# Ballistic charts for Muzzleloader



## kerby1

Hi Guys. Does anyone have a link to ballistic charts for muzzleloaders. I am hunting some farmland off the Shiawassee National area and might have some longer range opportunities. I am shooting 100 grains Pyrodex, 245 grain Powerbuilt bullet. I am going to do some target shooting, but just want some guidelines to aid in the my estimations. 

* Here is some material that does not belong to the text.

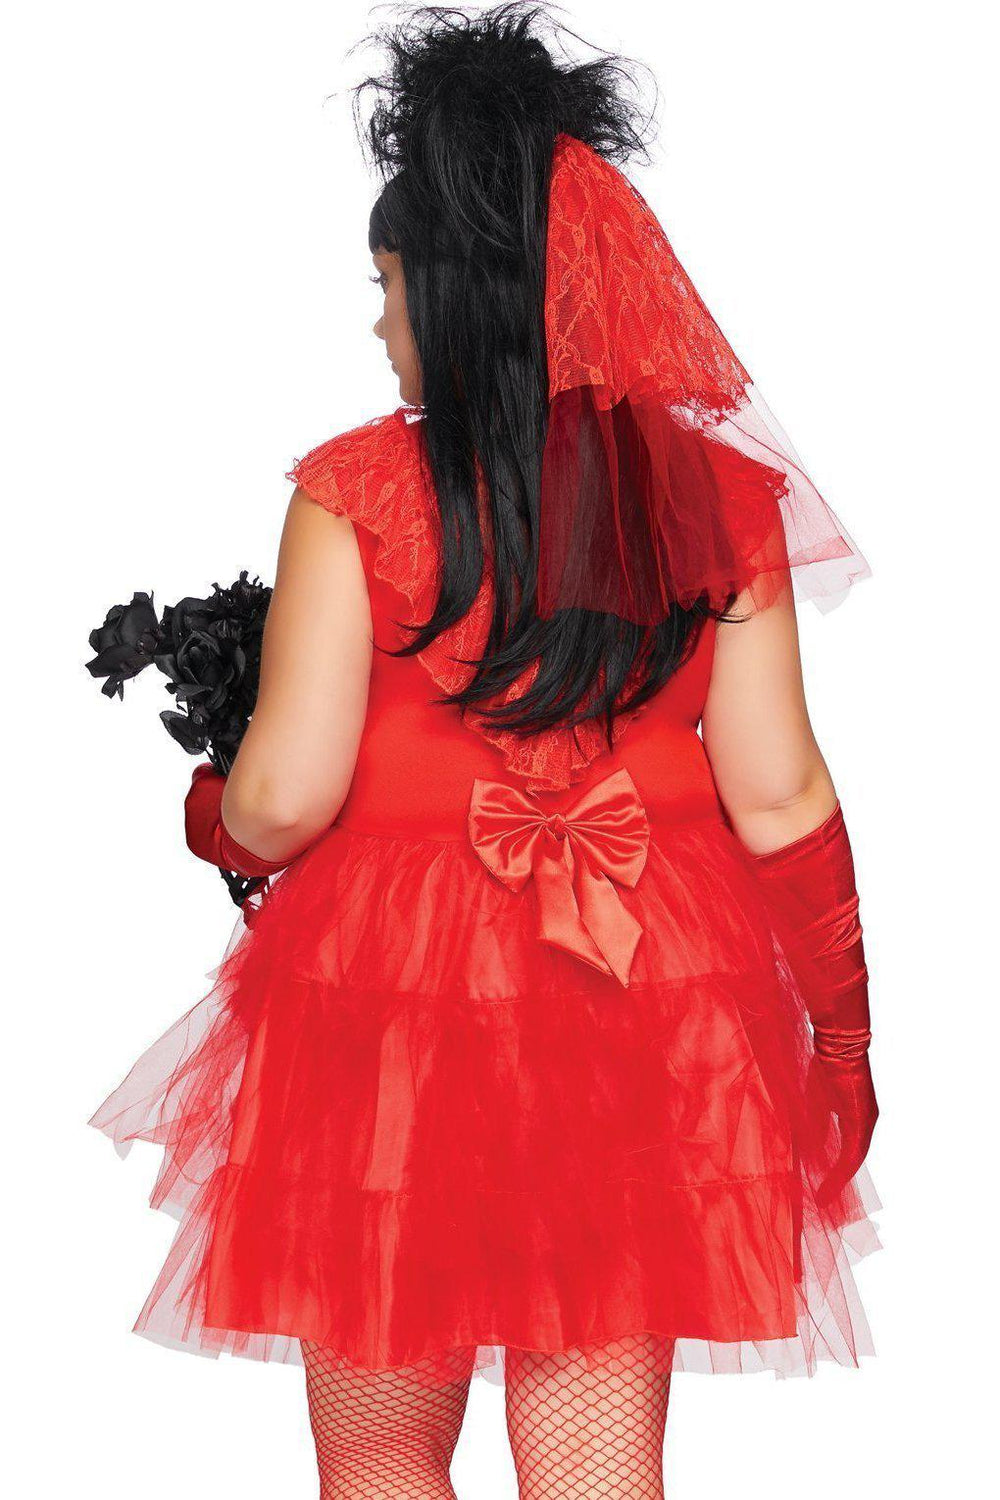 Plus Size Beetle Bride Costume-Other Costumes-Leg Avenue-SEXYSHOES.COM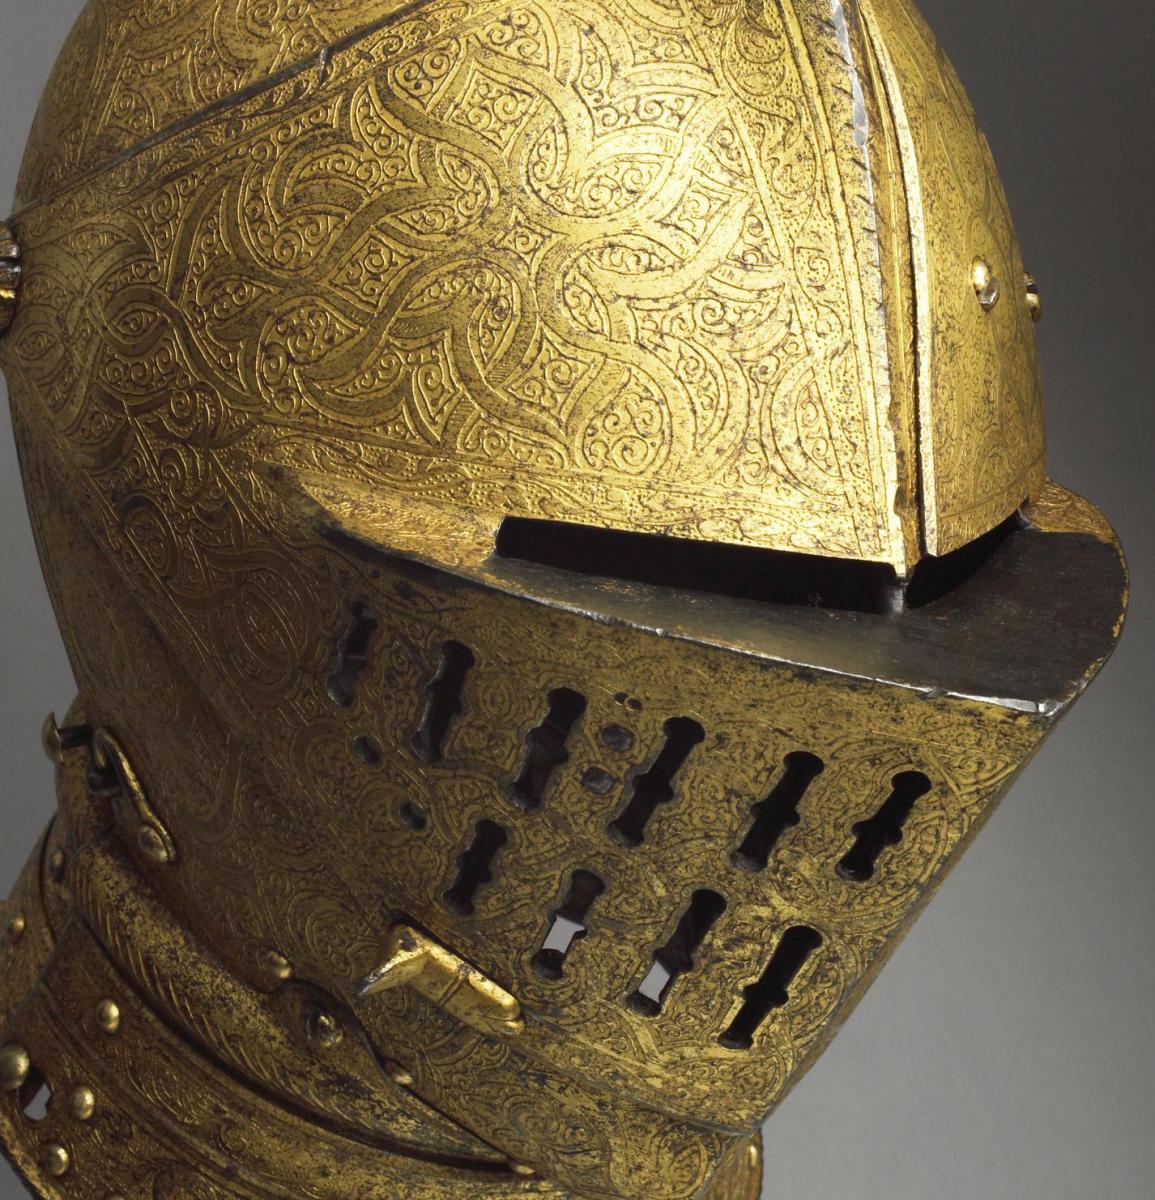 Milanese armour: between grotesque and simplicity

I sighted in at 2" high at 100 yards last year. If I recall correctly, I will be about 3 inches low at 150 yards, and about 20 inches low at 200 yards. Is my memory bad? Any help would be appreciated.


----------



## ml4141

http://www.bpbullets.com/muzzleloader ballistics.html

http://www.blackpowderbullets.com/hornady sst ml muzzleloader bullets.html


----------



## BarryPatch

I sighted in 100 gr pyrodex and a 250 gr shockwave dead on at 25 -100 an 18" low at 200


----------



## QuakrTrakr

kerby- ML's are a beast all by themselves. Charts don't apply. You need to get out and pattenrn your gun because there are WAY too many variables. Temperature, powder, powder lots, primers, sabots, wind, fouling, bullet design, etc. all play a part. How long of shot are you thinking? 200+? BTW- Powerbelt are absolutely junk. They're maybe ok for 100 yared or less. Loss of velocity due to blow-by is the main reason. The larger diameter of the bullet causes more friction in the air than a small .44 (or .45)caliber sabot. The powerbelt can cause more drop, wind drift, and larger patterns. My favorite long range sabot is TC's Shockwave in 300 grains. Which is actually a Hornady SST with a fancy package (and more money!).


----------



## kerby1

To me 200 yards is a long way with a muzzleloader. I do not plan on shooting beyond 200 yards, and really hoping for under 150 yards. I plan on shooting my gun before hand, but just looking for some ideas on what I should expect to help me when I get started. I found a website for www.powerbeltbullets.com. they indicated that with 26" inch barrell, 100 grains, 245 copper jacketed bullet, that about 3.5 inches high at 100, dead on at 150, and about 9 low at 200. does that sound right at all, or is that corporate bs.


----------



## QuakrTrakr

kerby- Here you go. There's a ton of ML info on this site.
http://www.chuckhawks.com/index2h.muzzleloader.htm

Here's the program I use for reloading.
http://www.huntingnut.com/index.php?name=News&file=article&sid=3


----------